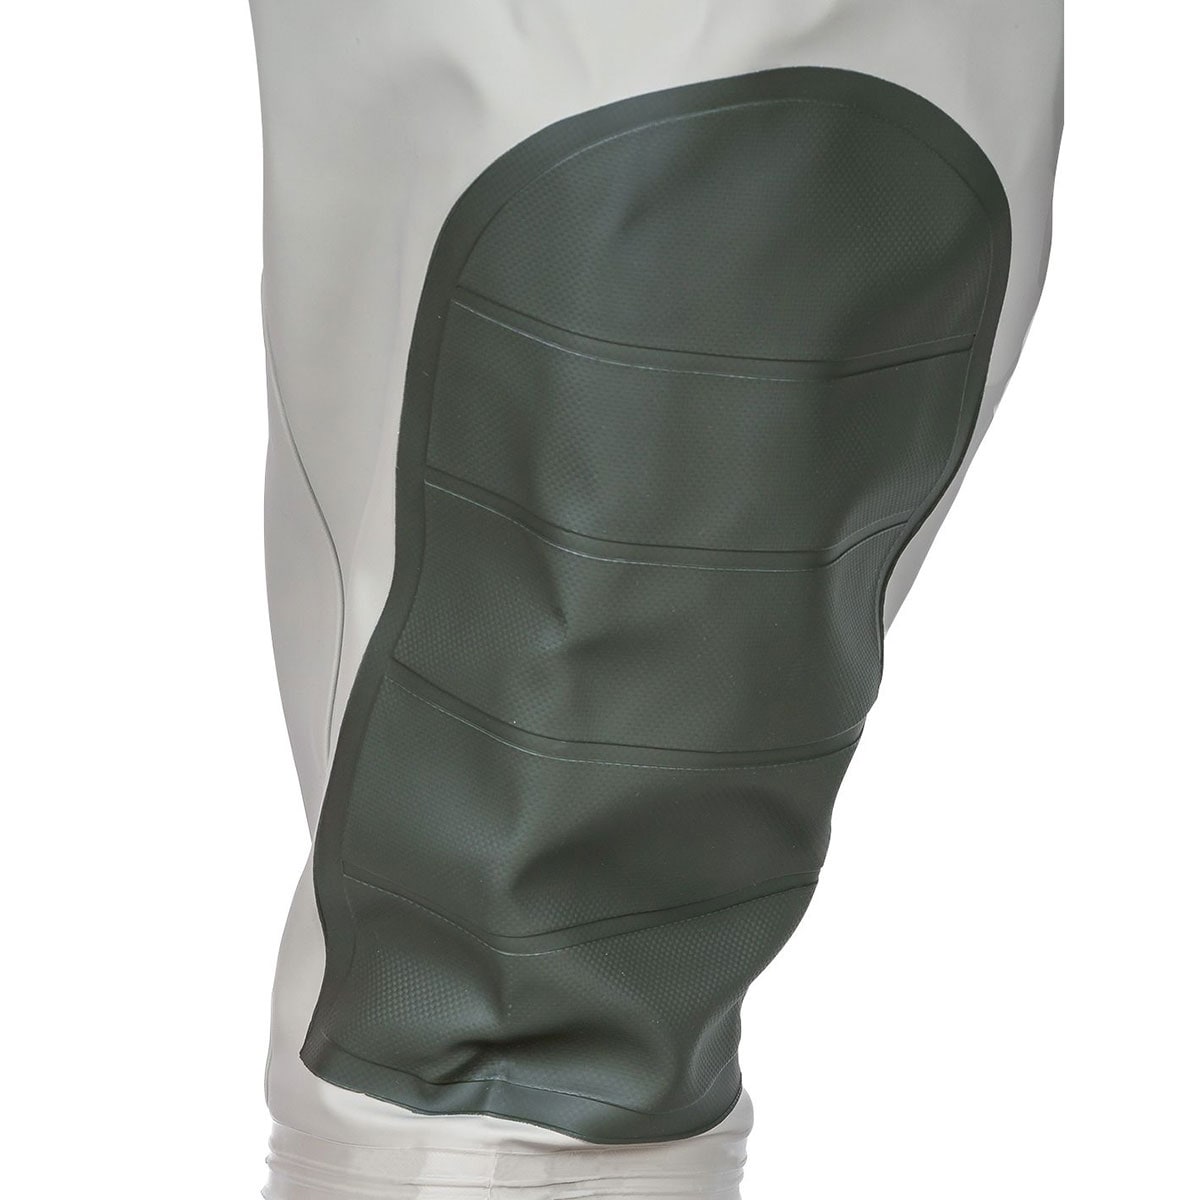 Spodniobuty Pros Premium - Beige/Olive
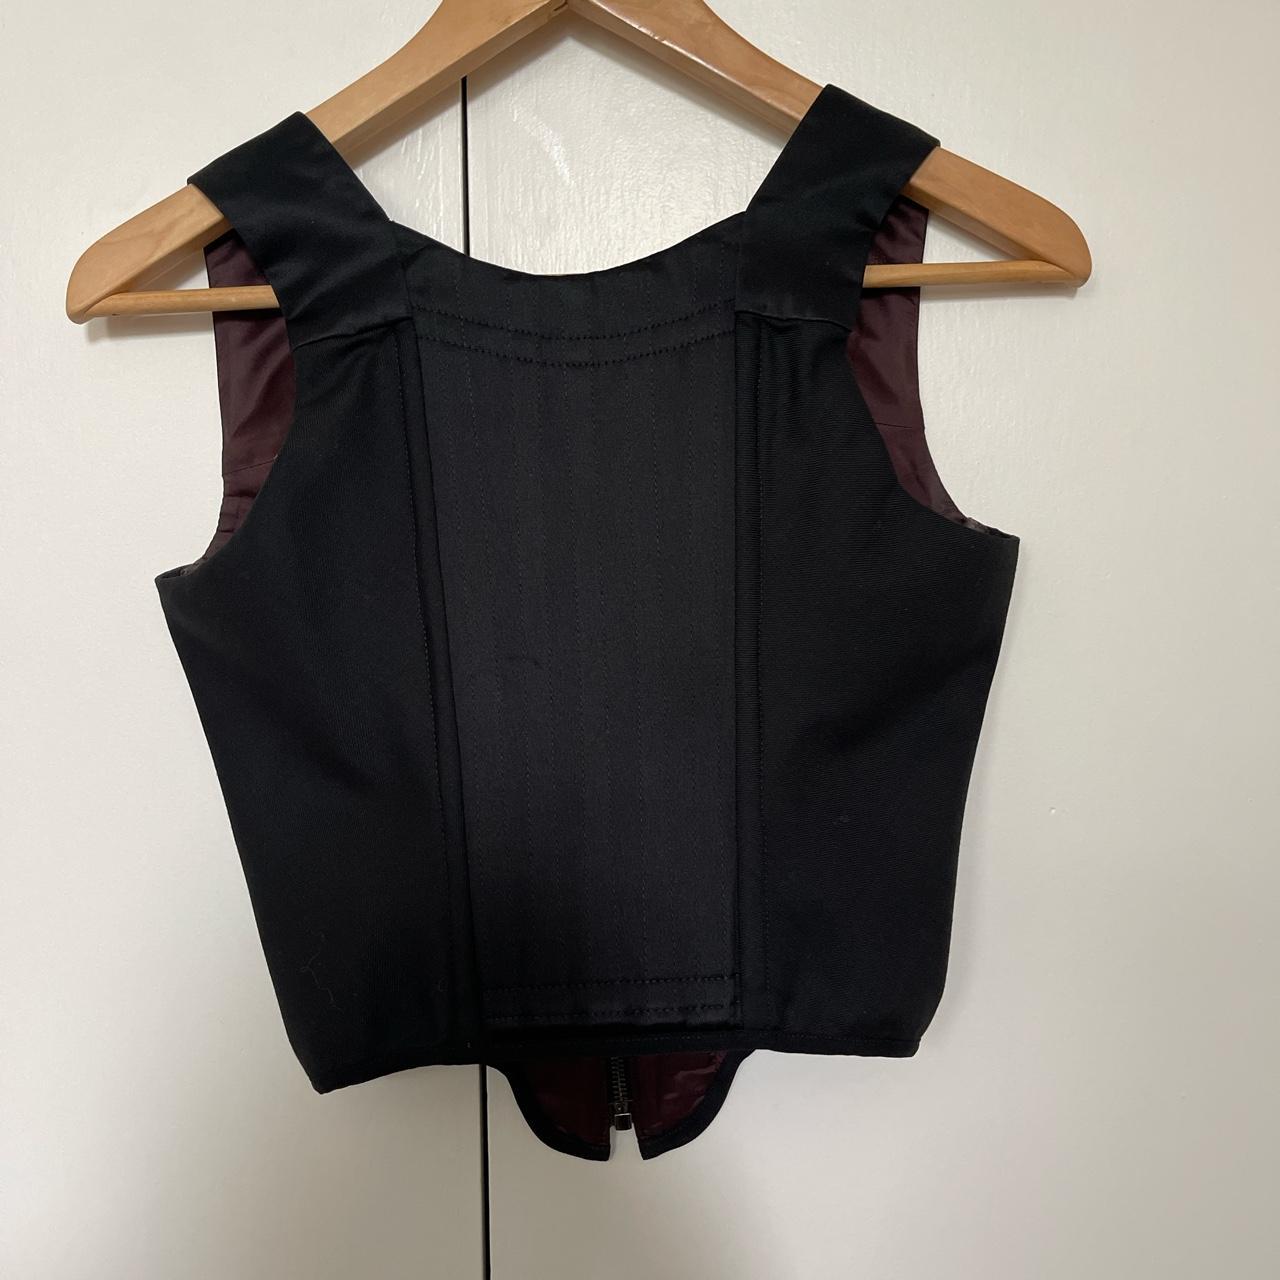 Iconic Vivienne Westwood black boned corset. Worn... - Depop
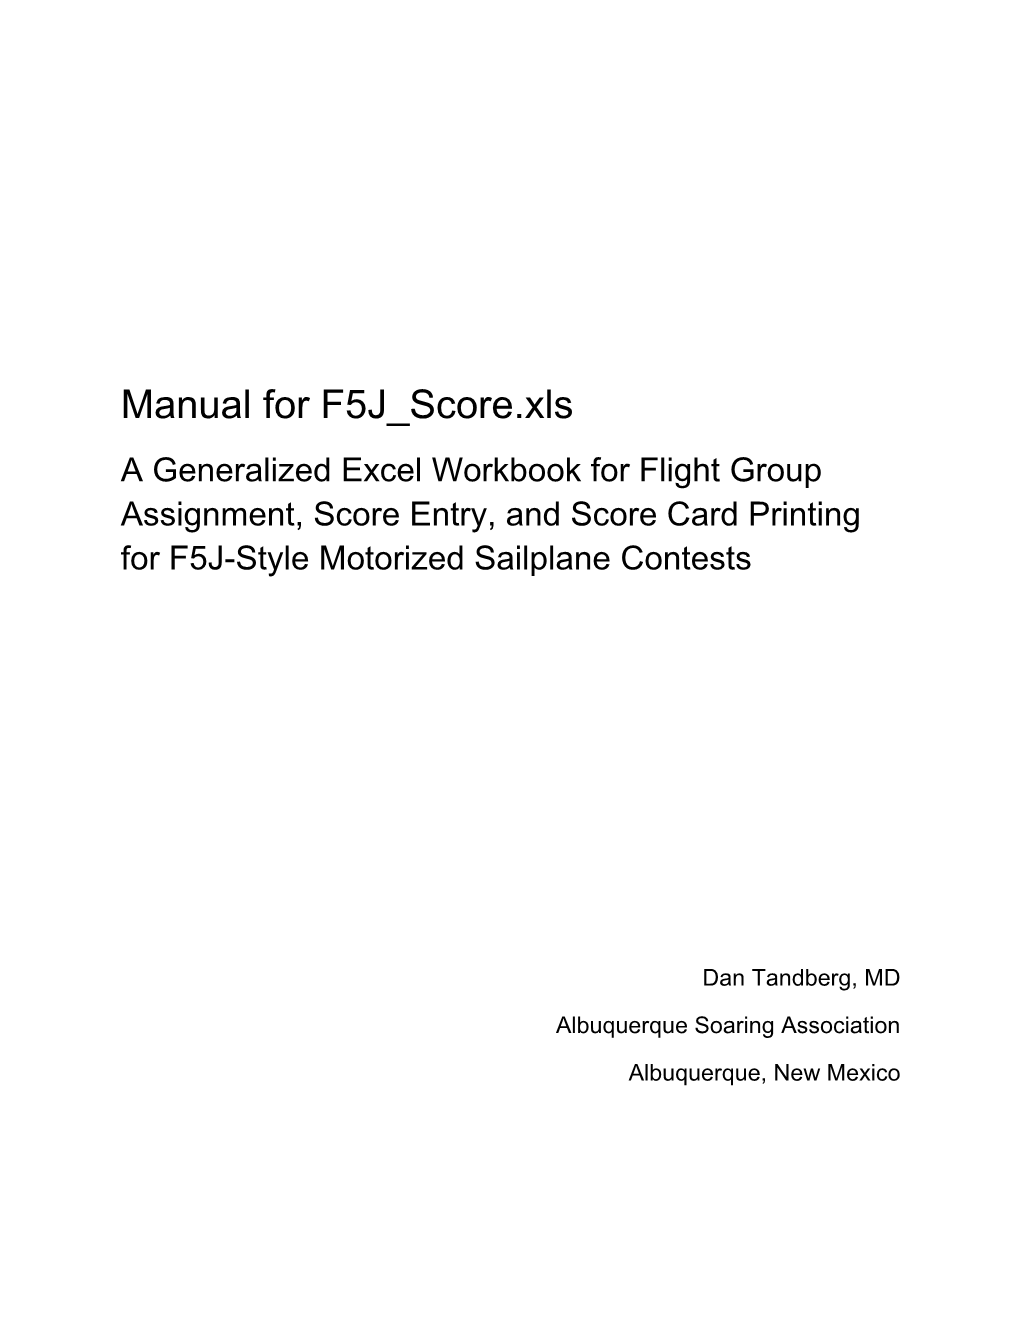 Manual for F5J Score.Xls
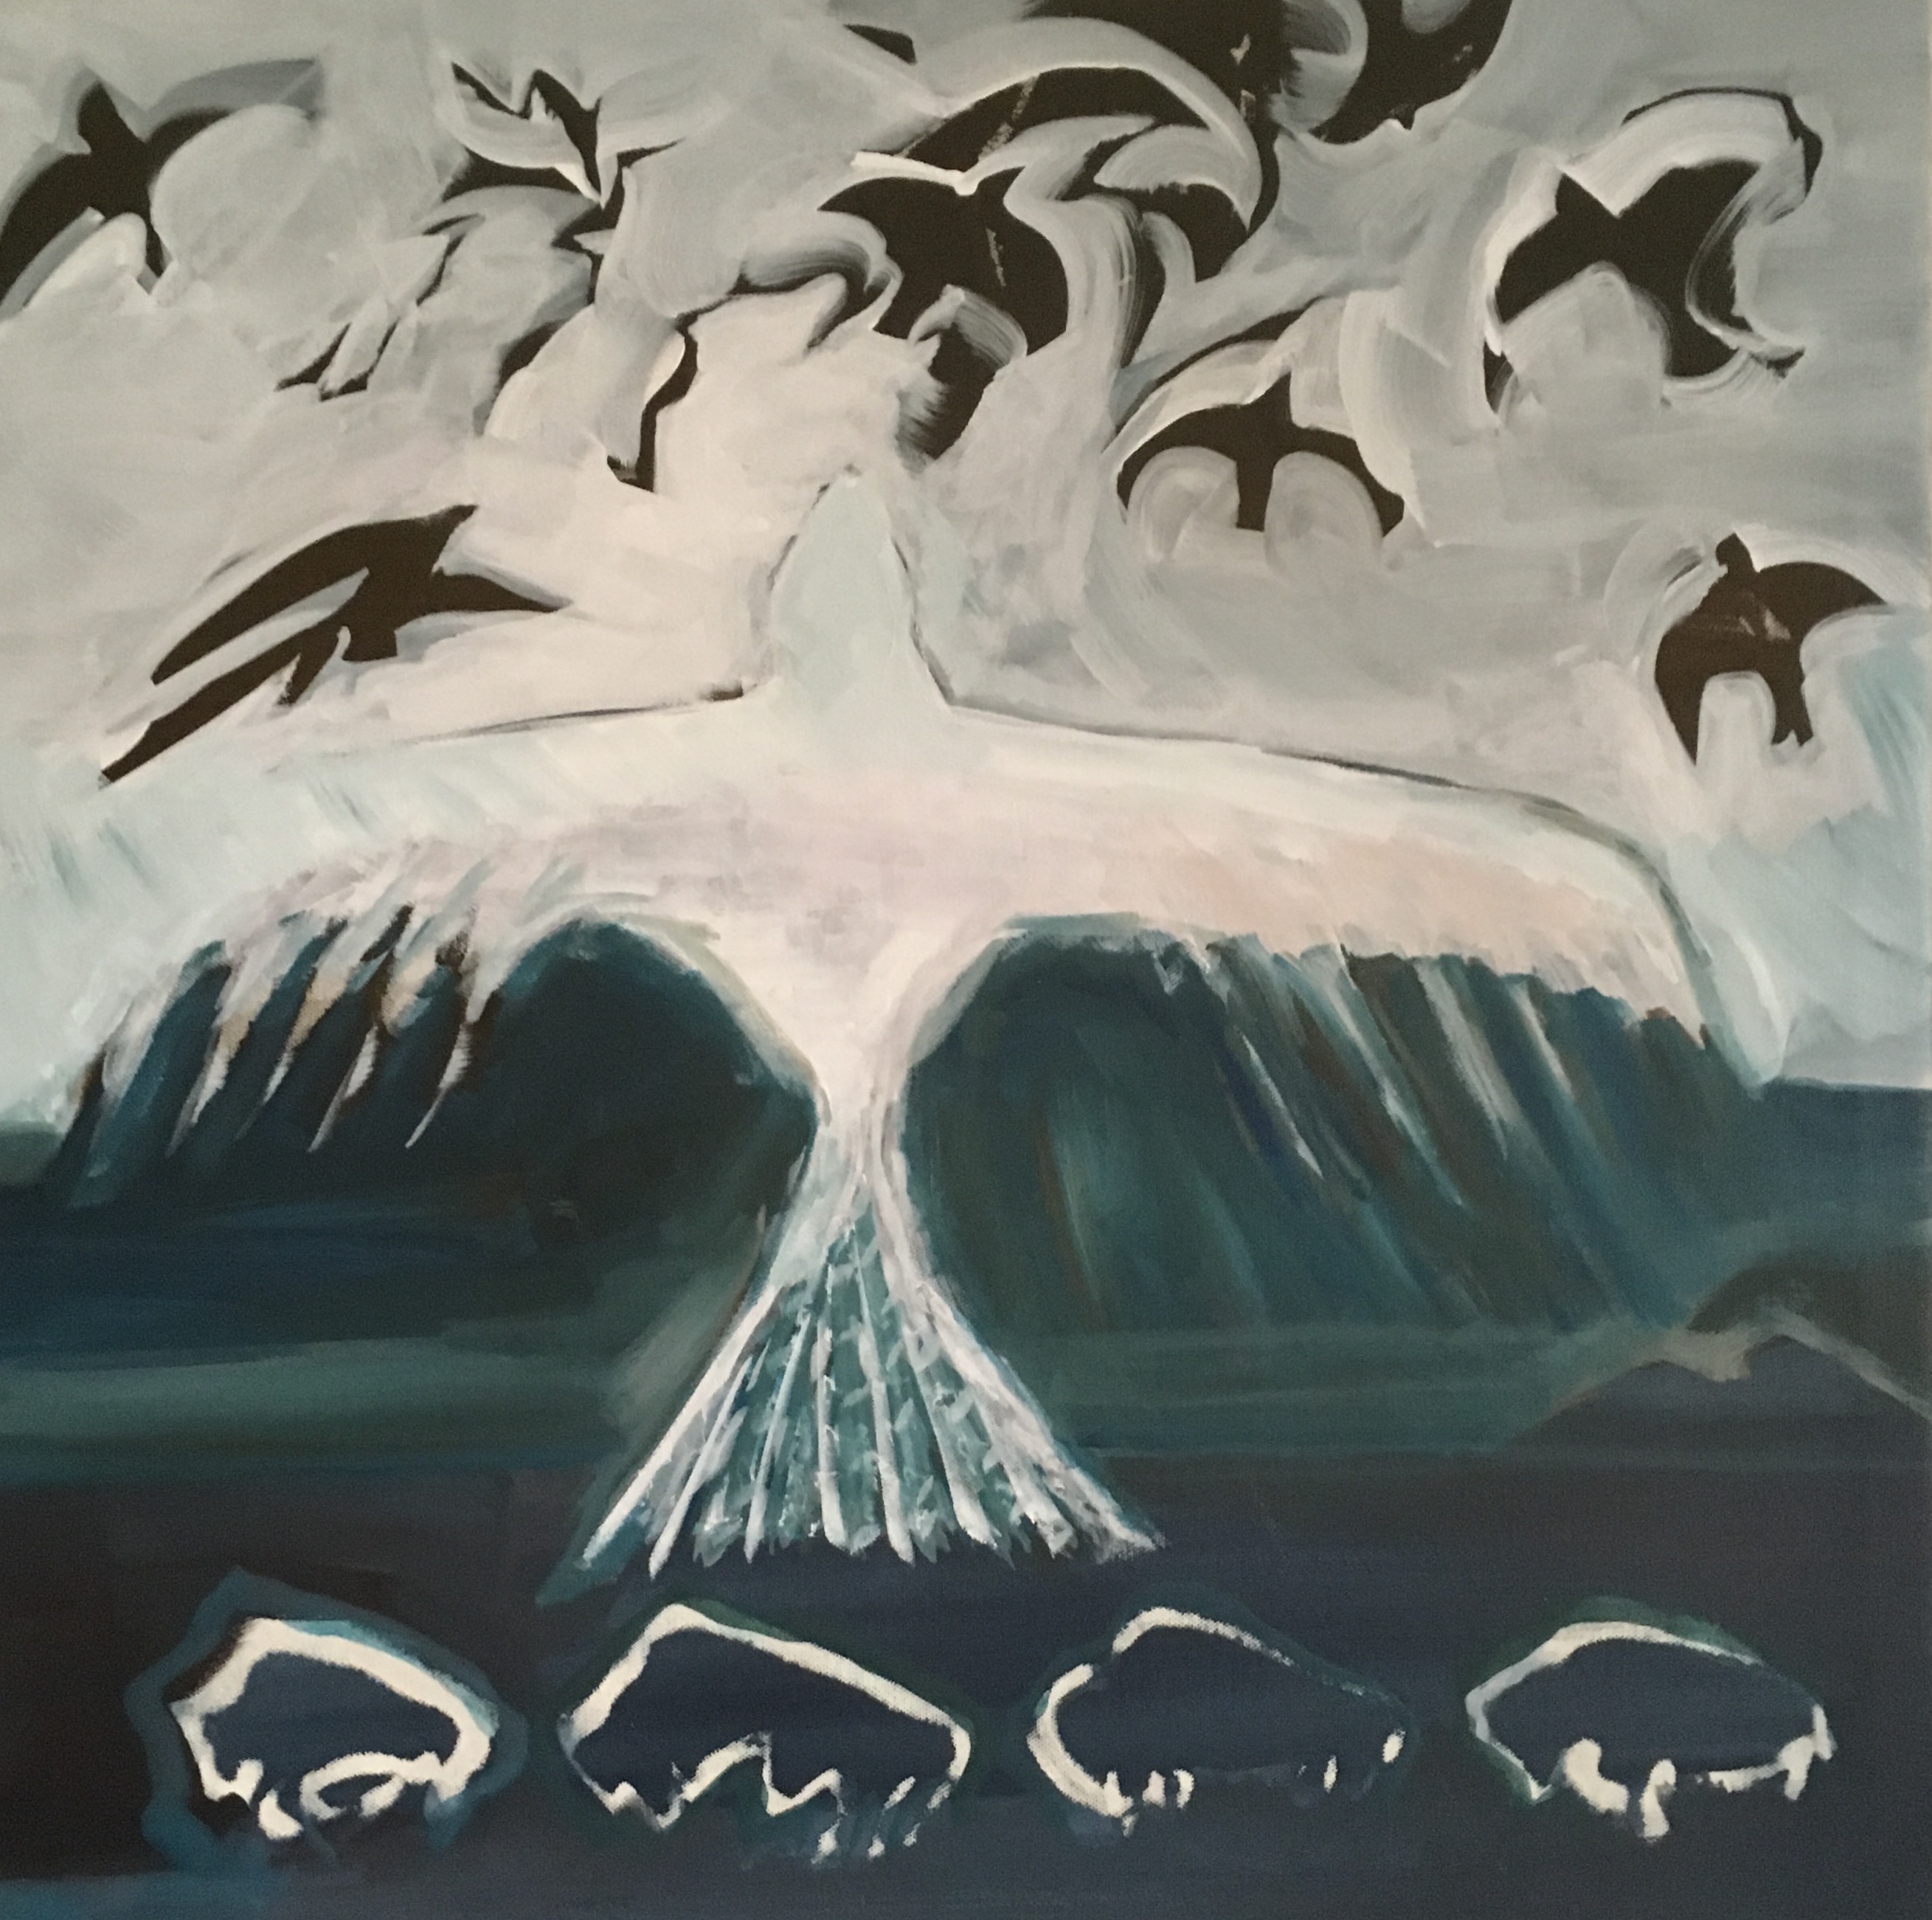 thunderbird by Kevan Krasnoff | ArtworkNetwork.com

★ ★ ★ ★

Pictures aside, transcribe exactly the lines from the line containing "Iconic Vivienne Westwood" through the final line of the material above.

 Iconic Vivienne Westwood black boned corset. Worn... - Depop
 Manual for F5J Score.Xls
 thunderbird by Kevan Krasnoff | ArtworkNetwork.com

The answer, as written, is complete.